Tennessee Christian News

NASHVILLE – Christian scholars will hold an apologetics panel discussion on Saturday, Nov. 1 to defend the truth of the gospel.

The Defending Truth apologetics conference will be held at Trevecca Nazarene University from 9 a.m.-6 p.m.

Panelists include: Dr. Stephen C. Meyer, Director of the Discovery Institute’s Center for Science and Culture and founder of the intelligent design movement; Dr. Frank Turek, President of and award-wining author/coauthor of: “I Don’t Have Enough Faith to be an Atheist,” “Correct, Not Politically Correct” and “Legislating Morality;” Dr. Ed Stetzer, Executive Director of LifeWay Research and author; Dr. Alex McFarland, Director of the Center for Christian Worldview and Apologetics at North Greenville University and author of the best-selling “10 Most Common Objections to Christianity;” J. Warner Wallace, cold-case homicide detective, Christian case maker and author; Abdu Murray, former Muslim, now president of an apologetics-based ministry dedicated to offering the truth of the Gospel to Muslims, Jews, cult members and skeptics; and Troy A. Miller, president and CEO of the NRB Network.

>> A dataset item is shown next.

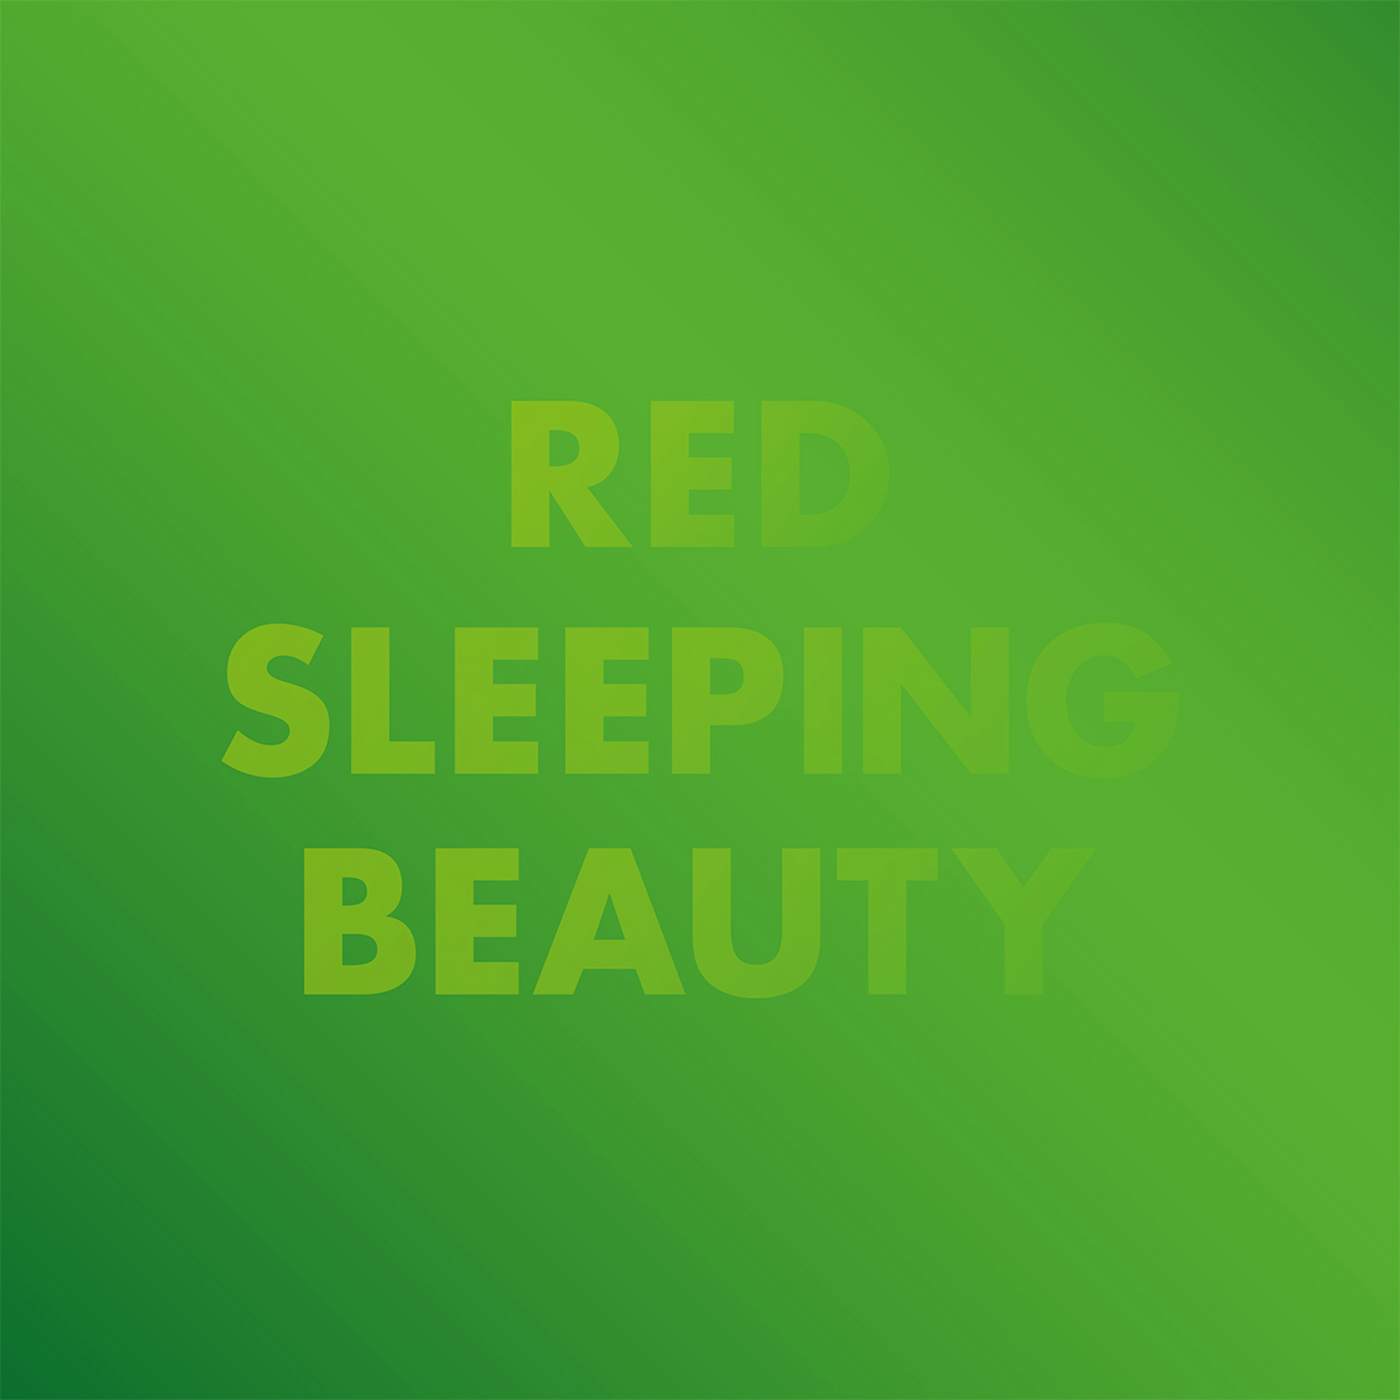 Red Sleeping Beauty Always Vinyl Record

I had the opportunity to speak to Dr. Turek earlier this week. He said each panelist will spend one hour speaking about his area of expertise – his topic will be on gay marriage, which he addressed in “Correct, Not Politically Correct.”

That book examines natural law: “why you can’t change natural law and not expect consequences.”

Only one state (Maine) has changed the definition of marriage by popular vote, he said. In three states, legislatures acted and the people did not overturn the decisions. All other cases have resulted from “judicial tyranny.”

The judges’ use of the 14th Amendment to push gay marriage is bogus, Dr. Turek said.

On, he writes, “It’s absurd rationally because everyone already has equal marriage rights. Every person has the same equal right to marry someone of the opposite sex. That law treats all people equally, but not every behavior they may desire equally. Same sex marriage and natural marriage are different behaviors with different outcomes, so the law rightfully treats them differently. One behavior perpetuates and stabilizes society, and the other doesn’t.

“The 14th Amendment of the U.S. Constitution was passed in 1868 to prevent states from discriminating against newly freed slaves. At that time blacks and women didn’t even have the right to vote, yet no one ever thought a court could use the “equal protection” clause to change state voting laws. So why do courts think they can use it now to change state marriage laws? Are we to believe that “equal protection” does not guarantee a woman’s right to vote but does guarantee a woman’s right to marry another woman?

Same-sex attraction is a behavior, while race is not, he said.